Version: all versions Davide Sarpa

Introduction

The goal of the tutorial is to provide a working example on how it is possible to model strongly correlated magnetic materials applying DFT+U methods 9 10 11. We will be working with hematite as an example of such materials but the method can be applied to a plethora of materials.

Hematite

Hematite is a blood-red iron oxide with formula \(\alpha-\text{Fe}_2\text{O}_3\) with a melting point of 1350 °C. It belongs to the hexagonal crystal family, in particular, it is a Ditrigonal scalenohedral with a \(R\bar{3}C\) space group (167), sharing the same structure as corundum. The lattice parameters \(a,b,c\) are \(a=b=5.0356\) Å and \(c=13.7489\) Å with 6 formula units per cell with a band gap of \(1.9-2.2\) eV. Its structure is an hpc anion stacking of \(\text{O}^{2-}\) along the [001] direction with \(\text{Fe}^{3+}\) occupying \(2/3\) of the interstitial octahedrical positions 1. Below the Néel temperature (\(T_N = 963 K\)), \(\text{Fe}_2\text{O}_3\) is antiferromagnetic with weak ferromagnetism. The high-spin \(d^5\text{Fe}^{3+}\) cations within one bilayer in the (0001) planes are ferromagnetically coupled to each other while antiferromagnetically coupled to the adjacent Fe bilayers 2. The magnetic moment is determined to be \(4.6\) \(\mu_{B}\) per atom. The upper edge of the valence band is dominated by oxygen p states, while the bottom of the conduction band is dominated by Fe d states. Hematite is generally considered to be a charge transfer rather than a Mott-Hubbard insulator 3 4 5.
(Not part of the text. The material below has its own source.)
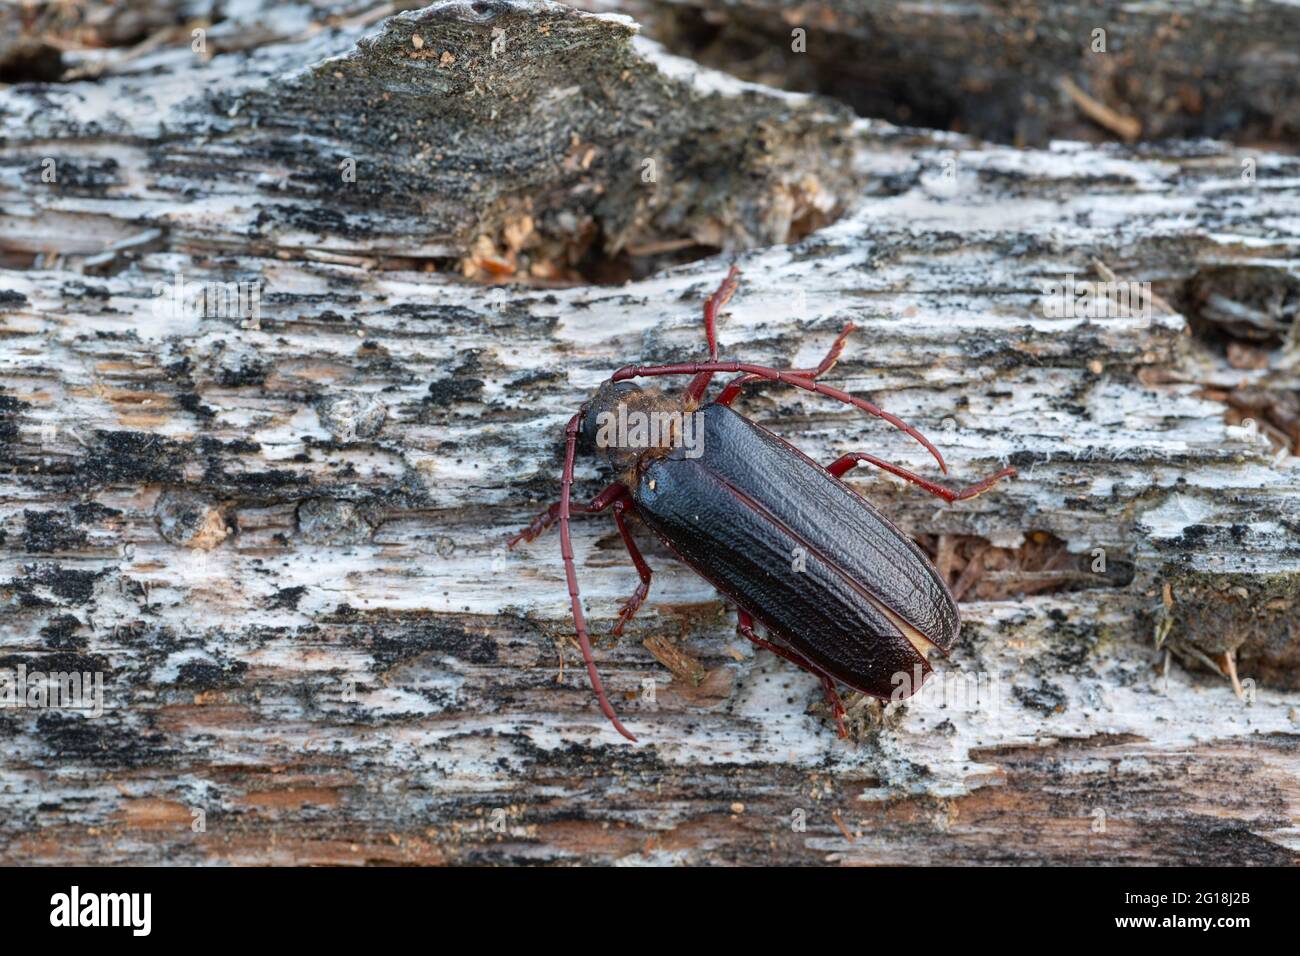 Longhorn beetle Tragosoma depsarium on decaying pine wood Stock Photo

Fig.1: Primitive rhombohedral cell (left), Conventional hexagonal cell (right). Iron atoms in brown, oxygen in red.

Magnetism

The weak ferromagnetism is due to spin-canting which is a relativistic effect. Luckily for us it is possible to obtain Hematite in an antiferromagnetic state with magnetic moments close to the experimental values by properly setting up the simulation without the need to include relativistic effects explicitly.

If we consider the primitive hematite cell along the Z axis there are 3 possible different antiferromagnetic states:

  • \(+-+-\) (up-down-up-down)
  • \(++--\) (up-up-down-down)
  • \(+--+\) (up-down-down-up)

Out of all these states the last one (\(+--+\)) is the ground state, we would like to be able to force our system to end up Out of all these states the last one (\(+--+\)) is the ground state, we would like to be able to force our system to end up in the ground state.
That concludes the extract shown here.